# Exercise goal
Pictures stay out of the copy. Retype exactly the lines below from the one with "Hotel Kuara Brasilien" through the one with "Modernes Wohnzimmer Und Küche".

# Records for the exercise
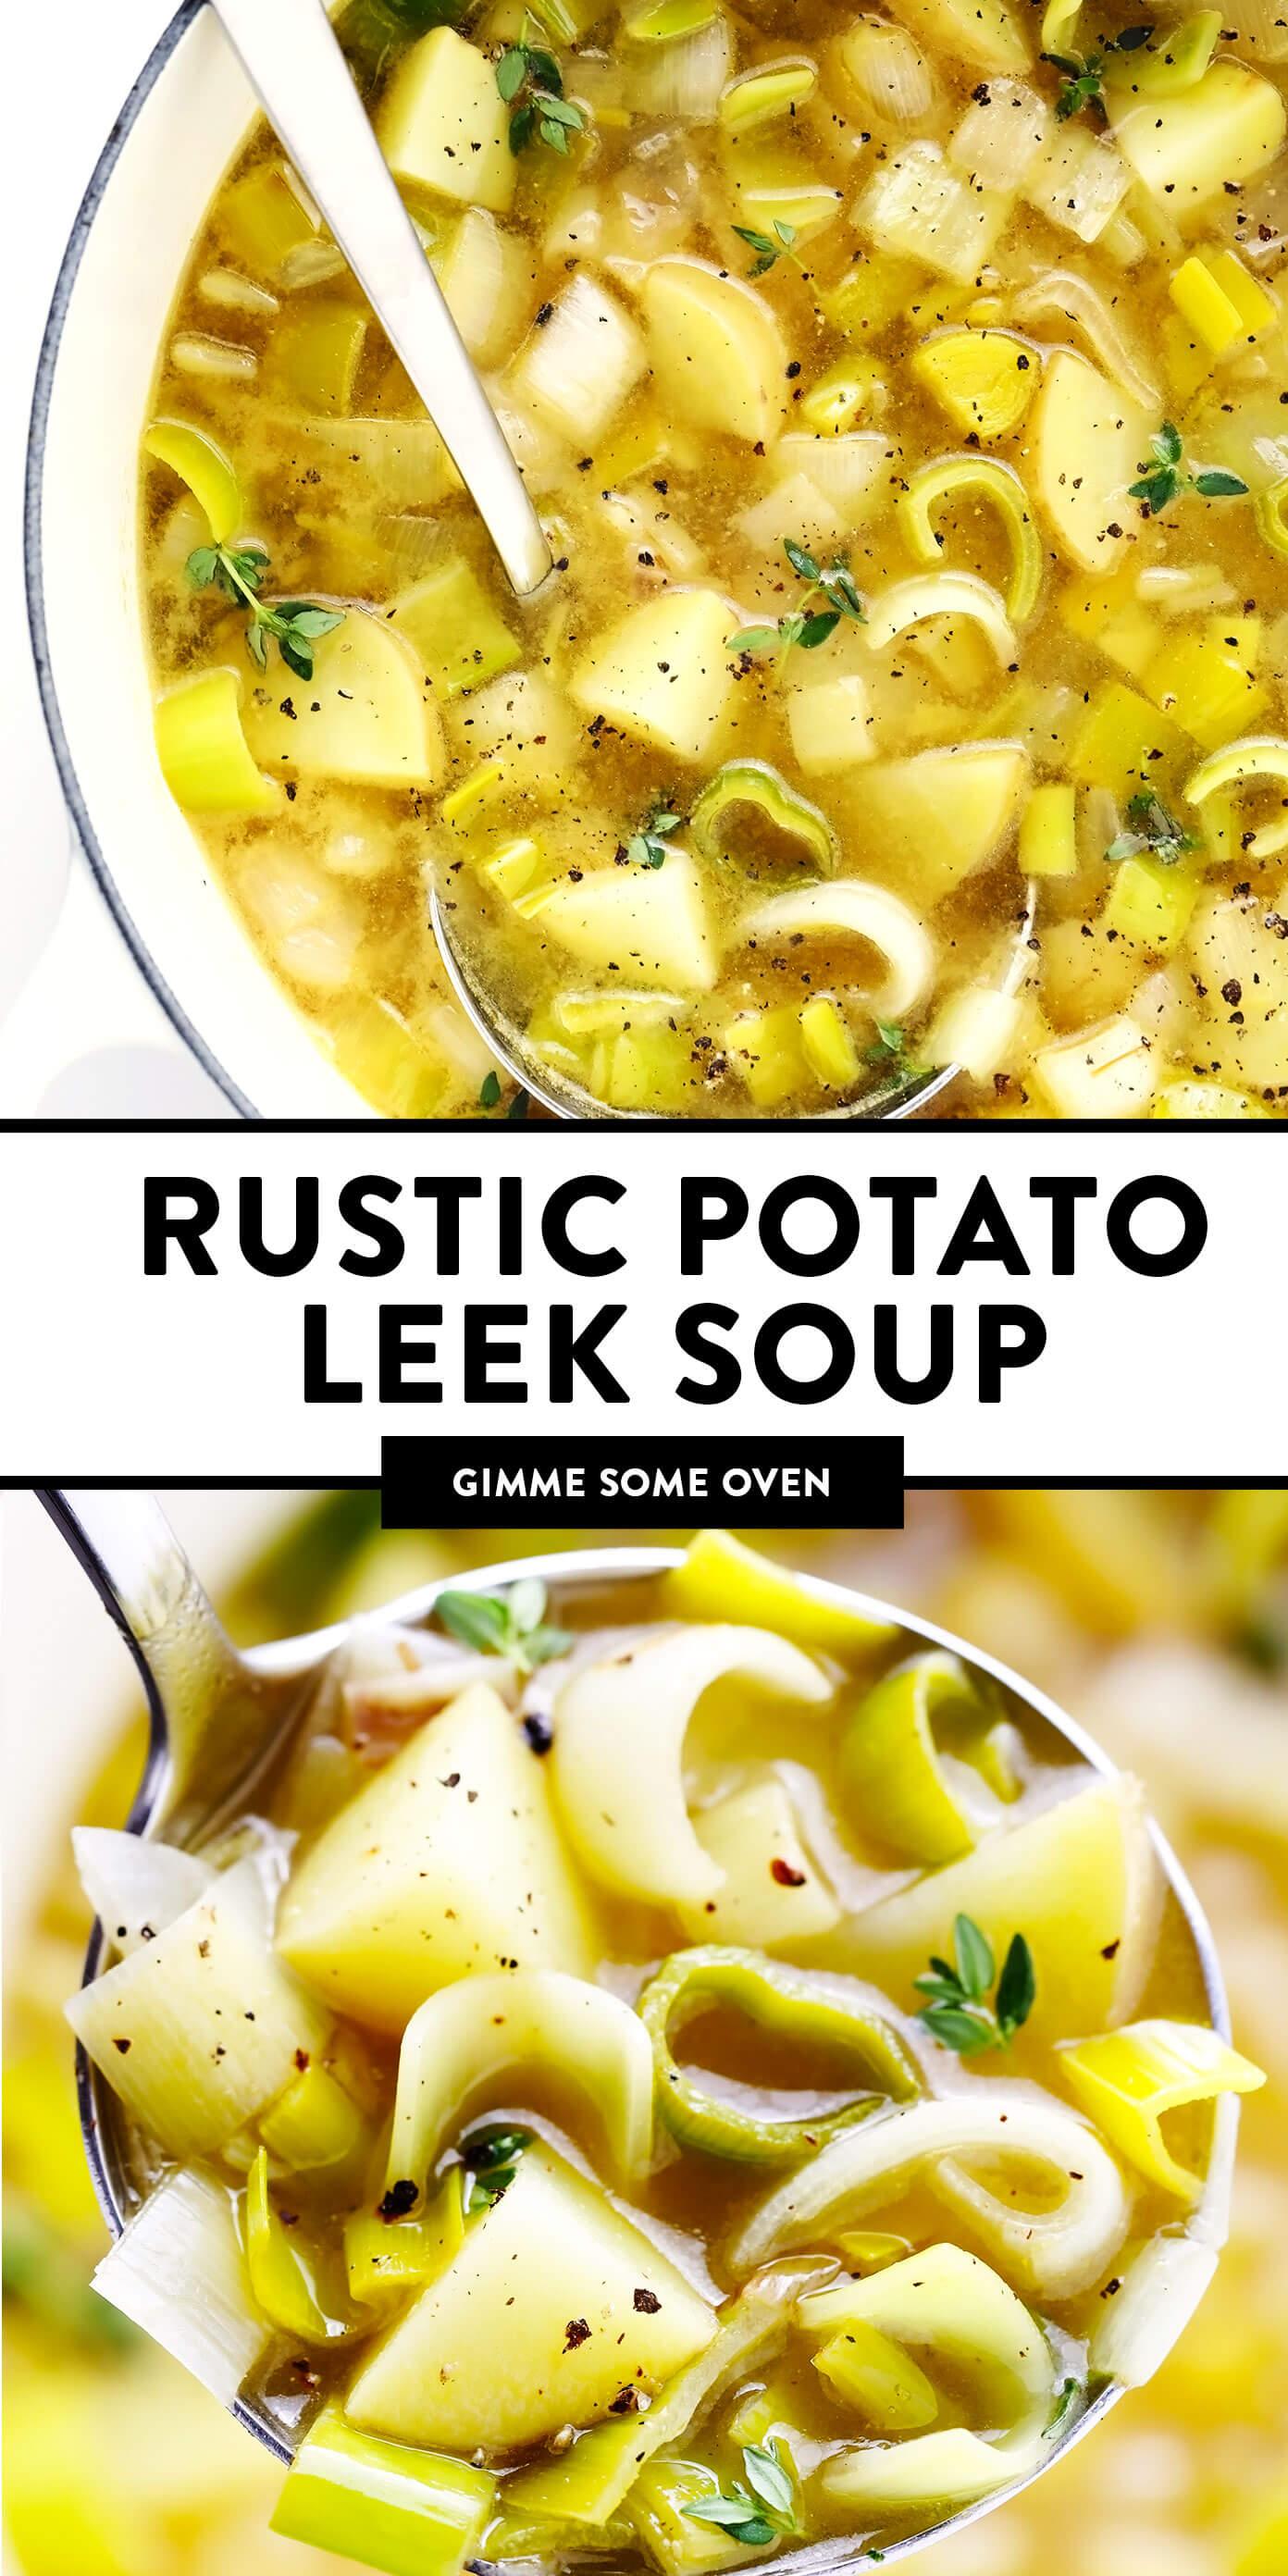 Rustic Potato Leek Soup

--

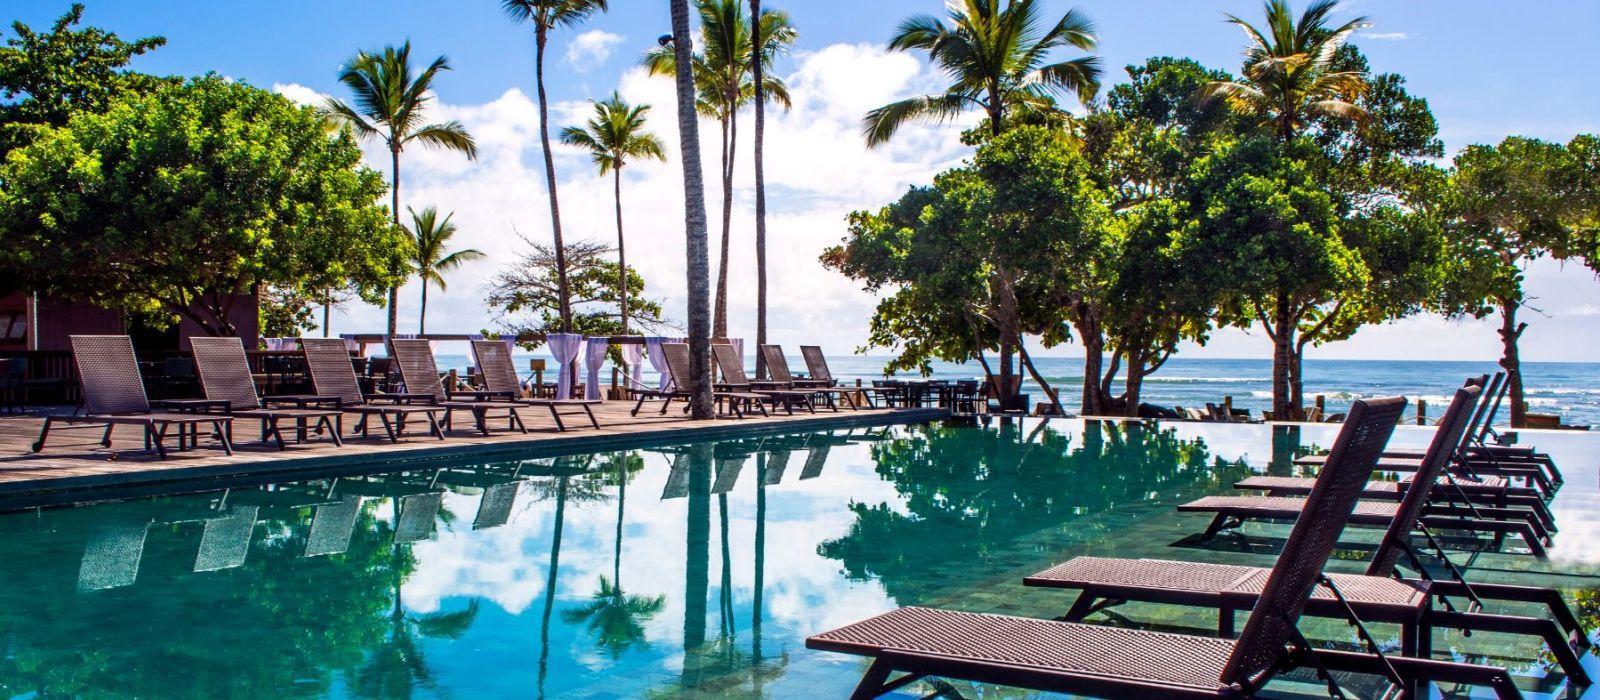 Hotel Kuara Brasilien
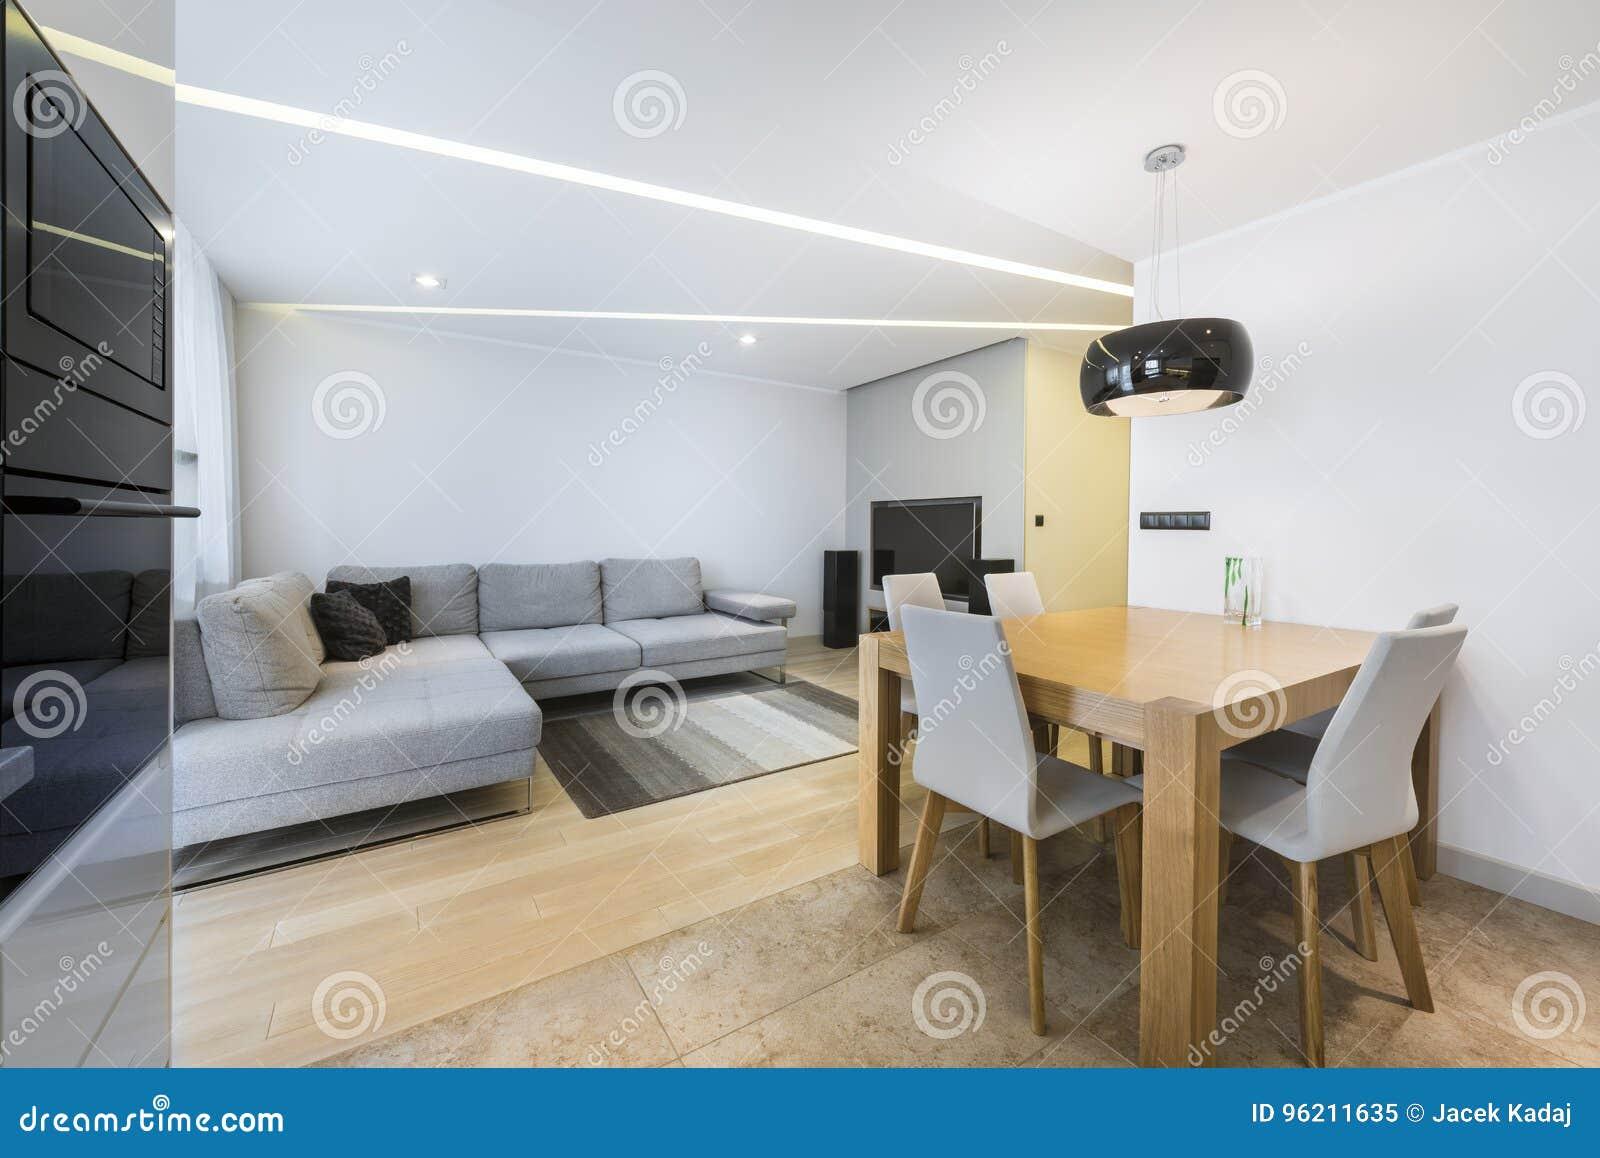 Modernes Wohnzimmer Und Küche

# Exercise output
 Hotel Kuara Brasilien
 Modernes Wohnzimmer Und Küche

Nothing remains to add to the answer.